Марья Александровна живет в двенадцатом доме. У нее есть две дочки – одна, Нина, уже окончила школу, а другая, Белла, учится в шестом «В». Беллу я знаю, она занимается акробатикой и выступает иногда у нас на праздниках и на сборах дружины. У них отдельная квартира. Муж Марьи Александровны, Беллин отец, был крупный ученый, физик. Марья Александровна рассказывает, что раньше он получал прекрасную зарплату и всякие литеры, но теперь вдруг заболел, и они остались у разбитого корыта. Пенсии ему не платят, потому что врачи никак не поймут, что у него за болезнь и откуда она взялась.

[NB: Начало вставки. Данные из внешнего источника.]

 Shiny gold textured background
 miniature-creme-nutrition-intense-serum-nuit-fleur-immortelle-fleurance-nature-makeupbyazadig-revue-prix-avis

А с Георгием Ивановичем Марья Александровна знакома давно, он был женат на ее институтской подруге. Подруга в войну умерла, и Георгий Иванович остался один. Марья Александровна его жалеет – из-за того, что он такой чудной и ни к чему не годный.
– Такой ведь умный был человек, везде поспевал. И работал вечно на трех работах, и учился, и все ему казалось мало. А потом взял да и сорвался со всех катушек – зачудачествовал, скопидомом записался, да каким! Ей-богу, не знаешь – то ли ругать его, то ли плакать, на него глядючи.
– Да, да, – вспоминает мама, – он мне рассказывал, как вы у него выкинули какую-то щетку.
– Щетку! Никакая не щетка, а деревяшка лысая. – Марья Александровна прыскает водой на мамину ночную рубашку и расправляет руками складочки.
Я люблю запах глаженого белья. Марья Александровна гладит не так, как Наденька, – не размашисто, а потихонечку, полегонечку, каждую оборочку трет, трет, вертит, крутит под утюгом.
– Вижу: деревяшка с дырочками, щетина давно вся вылезла, ну и выкинула ее к шутам. И представьте: тут же заметил. «Этой щеткой, – кричит, – пользовался мой покойный отец! Она мне дорога как память». Врет, поди, на помойке и подобрал. Ходит по улице и всякую дрянь собирает. Две комнаты у него, сени, кухонька, убрать бы да вычистить – квартирка хоть куда. Да где там! Все таким же добром завалено – тут баночка, там коробочка, тут тряпочка, ногу поставить, ей-богу, некуда. Совсем, прости господи, из ума выжил.
– Да, и не старый ведь человек, – вздыхает мама, – мог бы привести себе какую-нибудь женщину, жениться.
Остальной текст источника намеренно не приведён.